What would the order of script execution be, or what’s the recommended approach?

We’ve run into some timeouts, where elements are not showing up after 30000ms, can this be considered a flaky test?
In other cases some elements just could not be found via the element selector.

Environment:
VMware
Memory - 4 GB
Hard Disk - 35 GB
Processors - 2
Ubuntu - 22.04.2 lts
CHT core - branch version 4.2.x

Testing against:
Google chrome - 122.0.6261.69

First off, it sounds like you pretty much have everything correct, but for the record, here is some background details:

Executing the e2e tests on historical (non-current) versions of cht-core is always going to be a bit dicey in terms of getting the proper local setup. The latest documented local dev environment setup steps may be misleading since they are going to be written to apply to only the latest cht-core code.

Probably the most reliable information to go off of would be to look at the GitHub action config for your particular cht-core version and see what versions/dependencies are being used there. For example, for cht-core versions ~4.3, I think the main things you will need are:

  • Node 16
  • Python 3
  • pyxform-medic
  • grunt-cli
  • cht-conf (generally speaking, the latest should be backwards compatible with fairly old versions)
  • Google Chrome (this might be the most tricky for really old cht-core versions. WebdriverIO is pretty sensitive to the Chrome version (and CI just runs on the latest for Ubuntu). So, older WDIO versions might have issues with newer versions of Chrome. And, of course, it is a real pain to try and install previous versions of Chrome…)
  • Build the project:
    • npm ci
    • grunt
  • Run the tests (e.g. npm run wdio-local)

All that being said, it sounds like you have made it to the point where many of the tests pass, so I expect all of this is pretty much configured correctly.

We’ve run into some timeouts, where elements are not showing up after 30000ms, can this be considered a flaky test?
In other cases some elements just could not be found via the element selector.

From personal experience, I can confirm that test failures along these lines were a common symptom in the cht-core tests for flaky tests (and re-running the tests would often get them to pass). Often when running the tests locally, I found it useful to edit the wdio specs config to point to a particular test file to be able to quickly re-run just the tests in that file.

A considerable amount of work have been done in recent versions of cht-core to improve the reliability of the e2e tests (and reduce flakiness). So, the more recent your cht-core version, the less I would expect this to be an issue.

1 Like

Thank you for the detailed feedback @jkuester.

That is a point I was hoping to touch on. Would it not be advantageous to have documentation that’s split by CHT version? Similar to how Couch DB split up their docs by version. Although, I do see how this can introduce quite a bit of overhead. Perhaps the differences between versions aren’t substantial enough, or live long enough, to justify this?

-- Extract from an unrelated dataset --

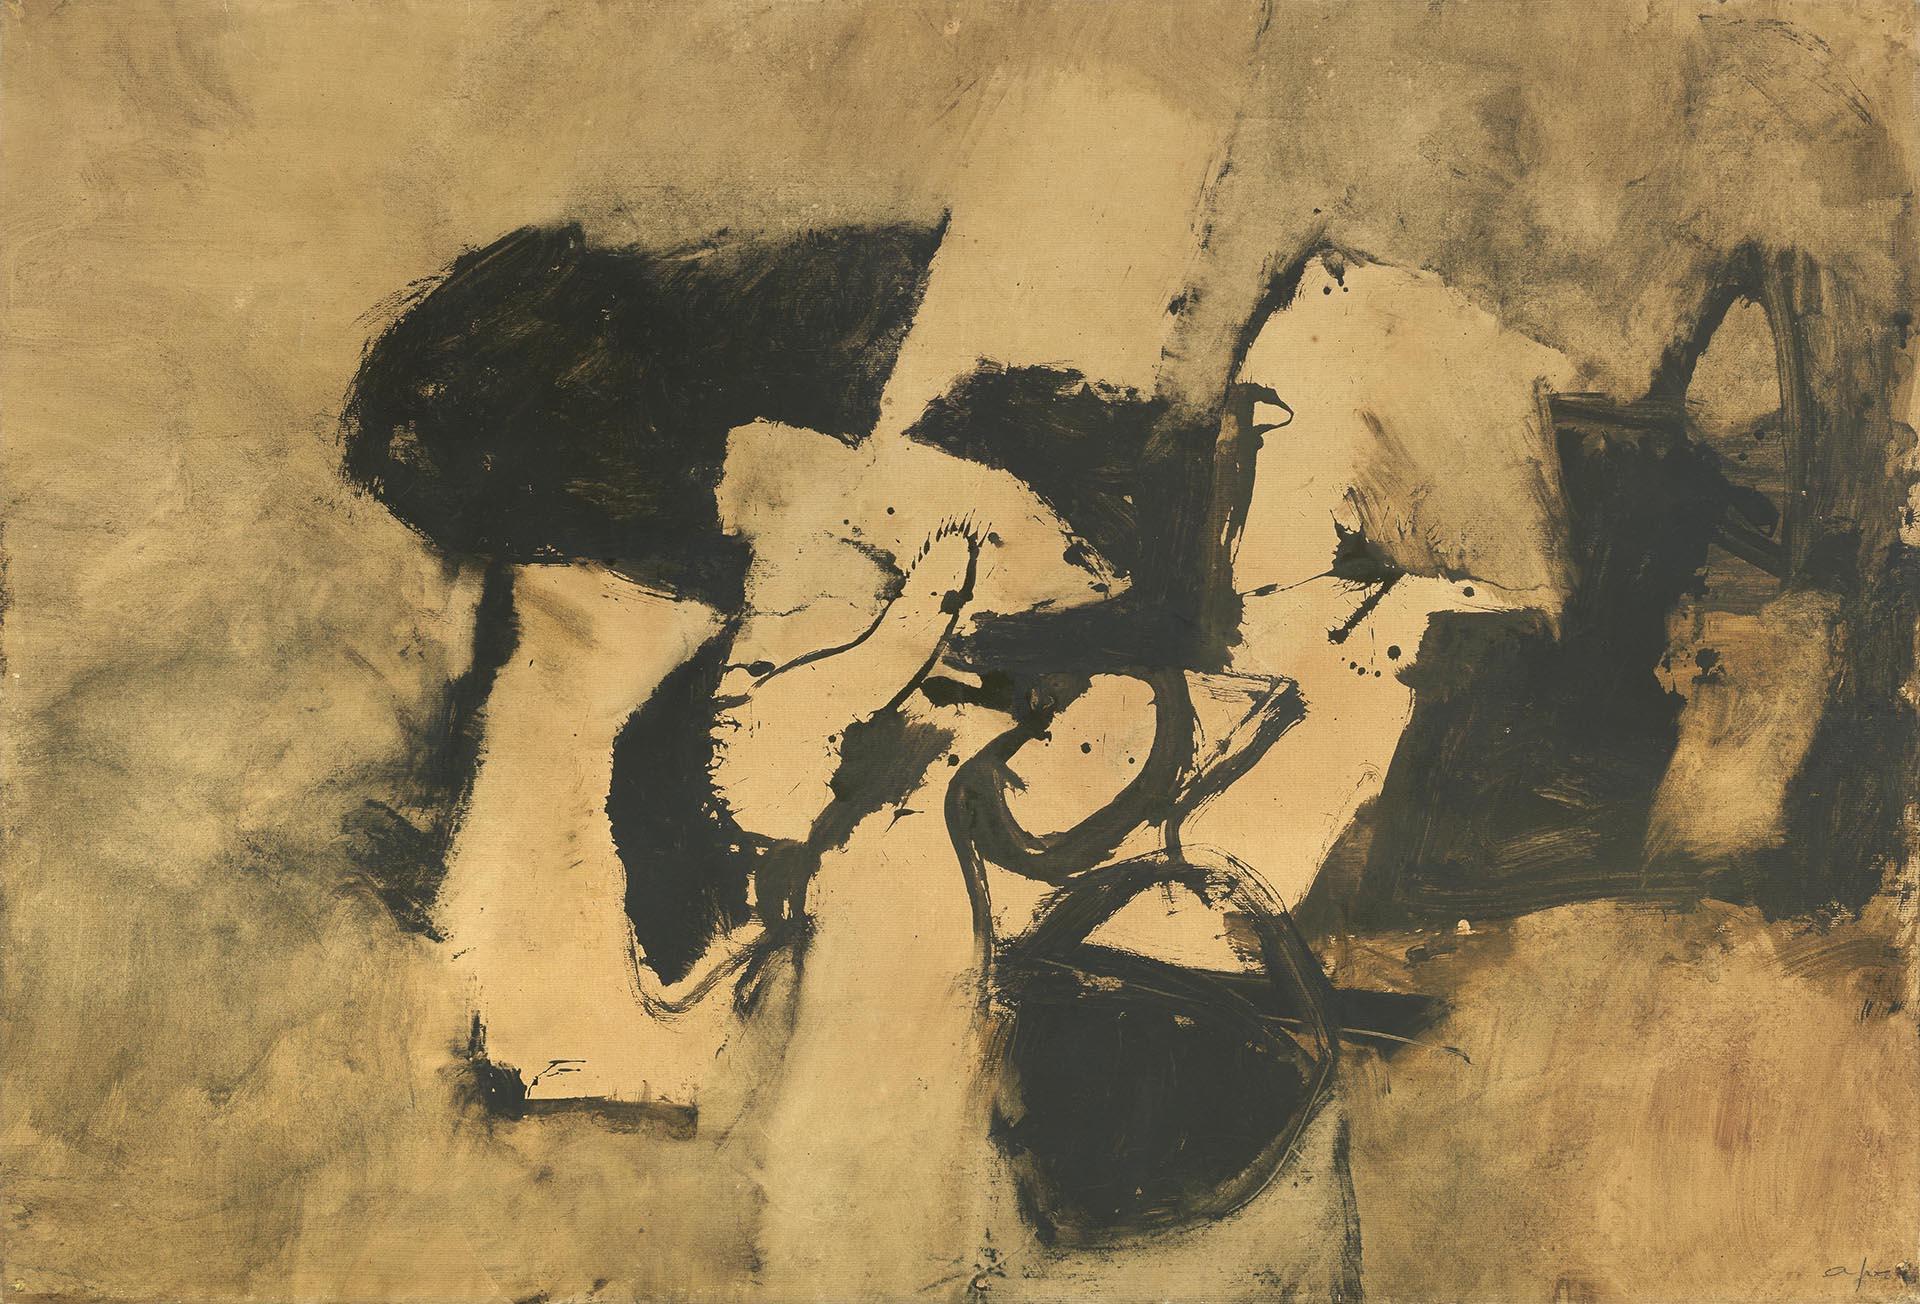 Afro, Carta bruna n°2, 1966, 102x150 cm
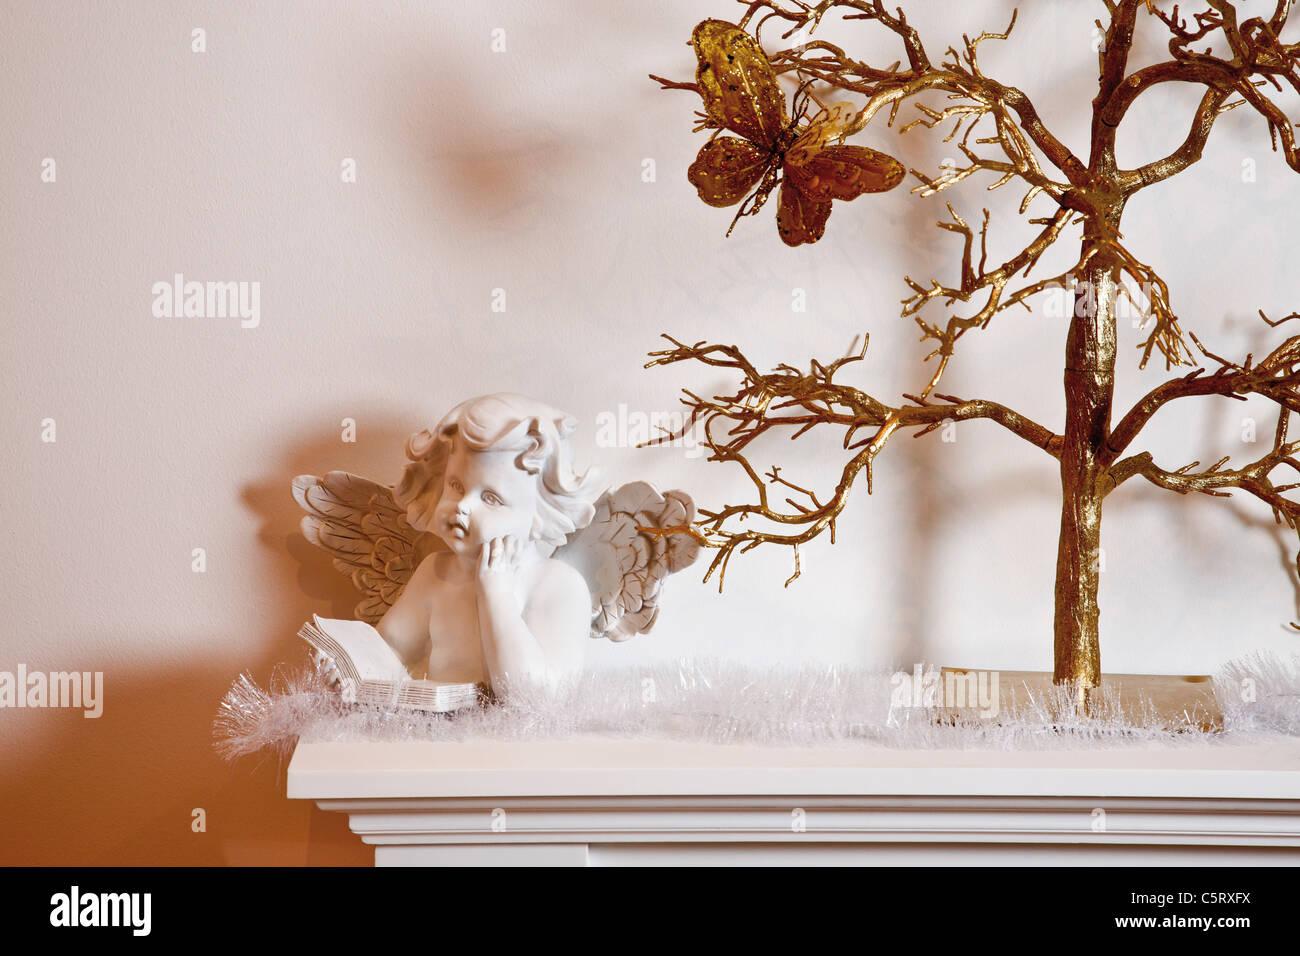 Christmas decoration on shelf - Stock Image

Appreciate you taking the time to point us in the github action direction and writing a summarized list of concerns - thank you so much. The Chrome challenges have been interesting for sure.

We’re experiencing quite varying test results. When this thread was originally opened, we had a ~70% failure rate on the three mentioned tests (with all of the standard tests failing in the previous run).
After running the tests yesterday, without changing the setup, we’re now getting upwards of 75% success:
Mobile - 2 passed, 1 failed, 3 total (100% completed) in 00:03:22
Standard - 6 passed, 1 failed, 7 total (100% completed) in 00:15:08
Wdio-local - 58 passed, 18 failed, 76 total (100% completed) in 03:43:10

Below the test outputs for your interest (content too large to include in body):

Now that we have a more condensed list of failures, we’ll definitely be taking your advice on targeting specific tests.

We’re keen to be in step with the newest CHT releases, and are endeavouring to do so as soon as possible. This thread is helping us get over the line, thank you for being so attentive :slight_smile: .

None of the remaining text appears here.